But to realise the full potential of AI in software engineering, GenAI needs to be adopted in a structured, compliant, and measurable way.  

Navigating this complexity and introducing GenAI into a software development setting at scale is not easy. It's something we’ve been exploring, discussing, and implementing with clients and service providers over the past year.  

In doing so, we’ve discovered some key learnings about how to harness the combined strengths of humans and machines in software development. Here's what our research, scaled experiments, and hands-on experience shows... 

GenAI for software development: promise and pitfalls

Any LLM GenAI tool worth its salt can produce a whole lot of content, fast. But is that content useful?  
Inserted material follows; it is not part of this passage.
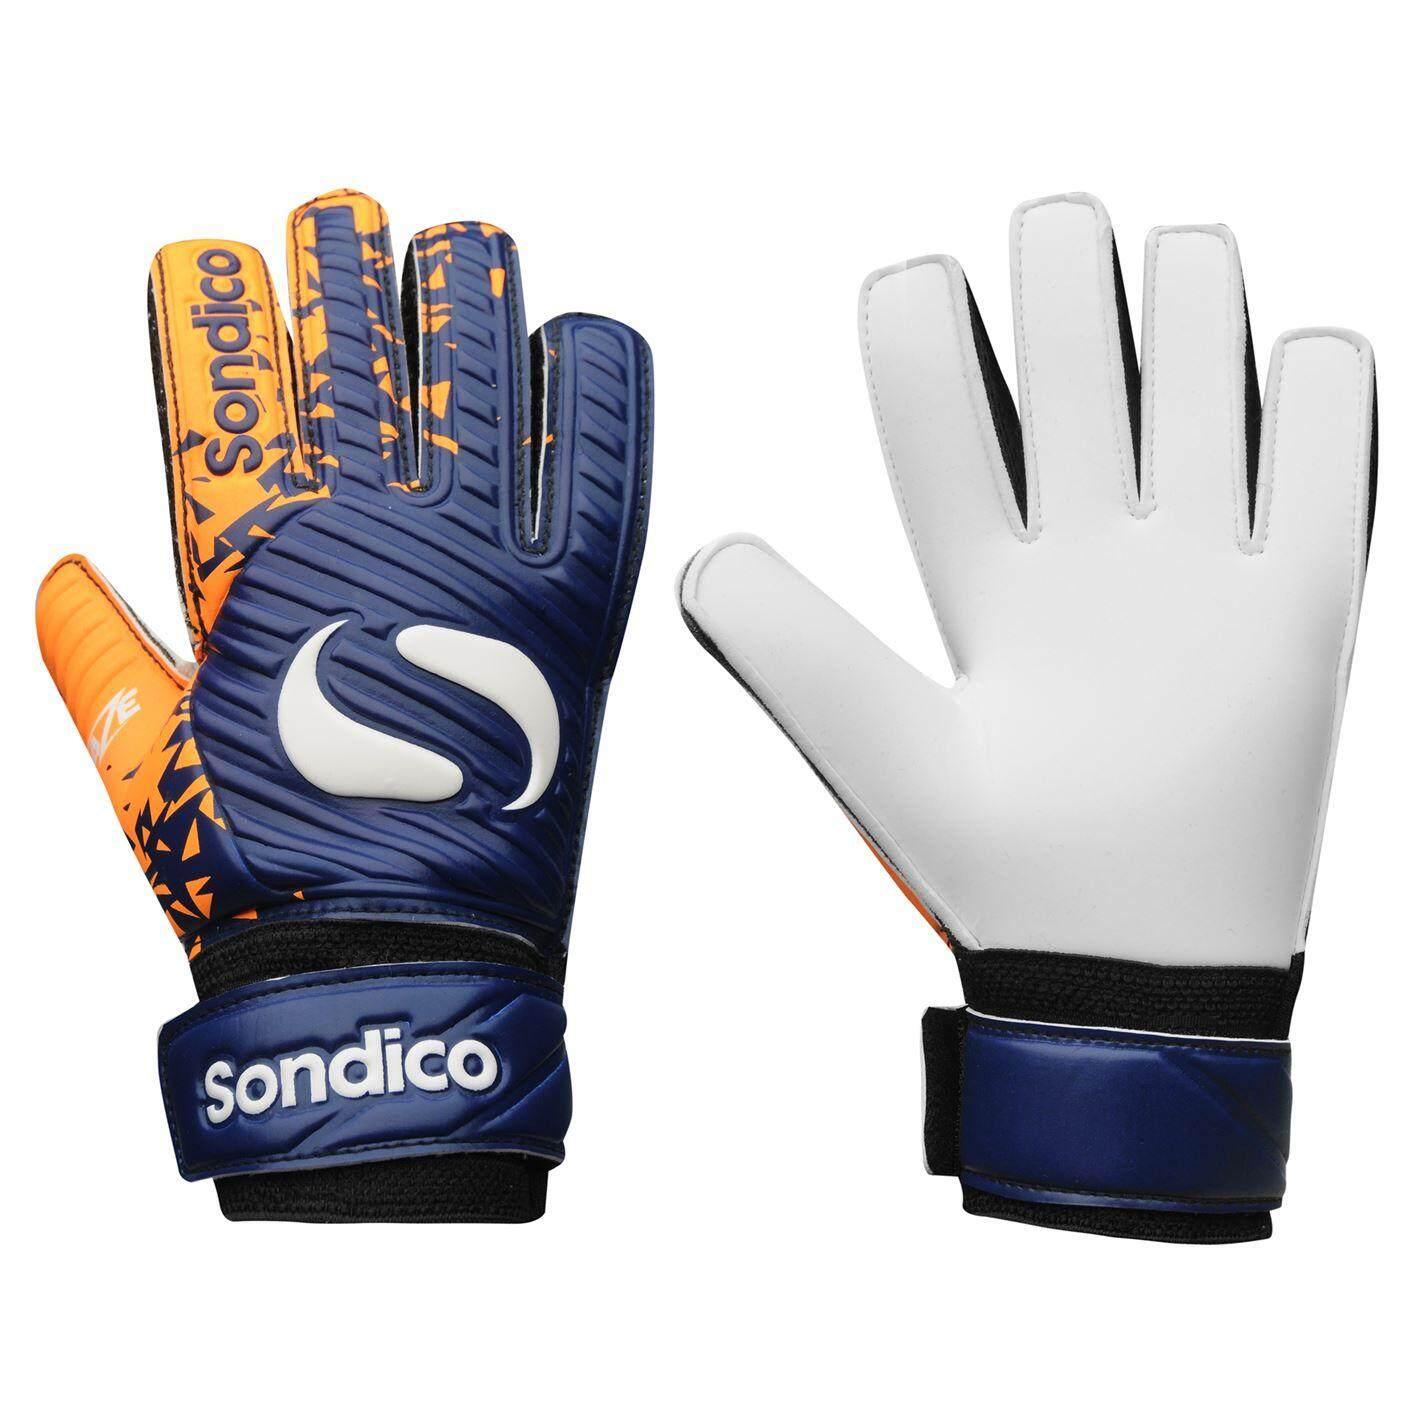 Sondico Kids Blaze Goalkeeper Gloves Navy Orange

That’s the billion-dollar question in software development. Pumping out tons of code quickly can be incredibly useful. Producing lots of bad code is the polar opposite.

GitHub Copilot, for example, suggests its users have seen 55% efficiency gains, while other major studies put that figure at around 30%. BAIN research suggests a fairly vague 15-40% time saving in enterprise code generation. And Google, whose Gemini tools are now rolling out more broadly, says over 25% of its own code is now AI-generated. (Of course, writing code is only one part of the lifecycle too. More on that later).

The problem? These claims are open to interpretation. What is a 55% efficiency gain? If you’re more efficient in generating lines and lines of code, but that code isn’t efficient itself, what good is it? If you gain raw output speed, what do you lose in security, accuracy, and general oversight? And does better code quality and coding efficiency translate into a better software product – and greater value to your users?

There are also notable differences between the greenfield cases – which most of these publicly available stats apply to – and refactoring use cases where AI has made less of an impact to date.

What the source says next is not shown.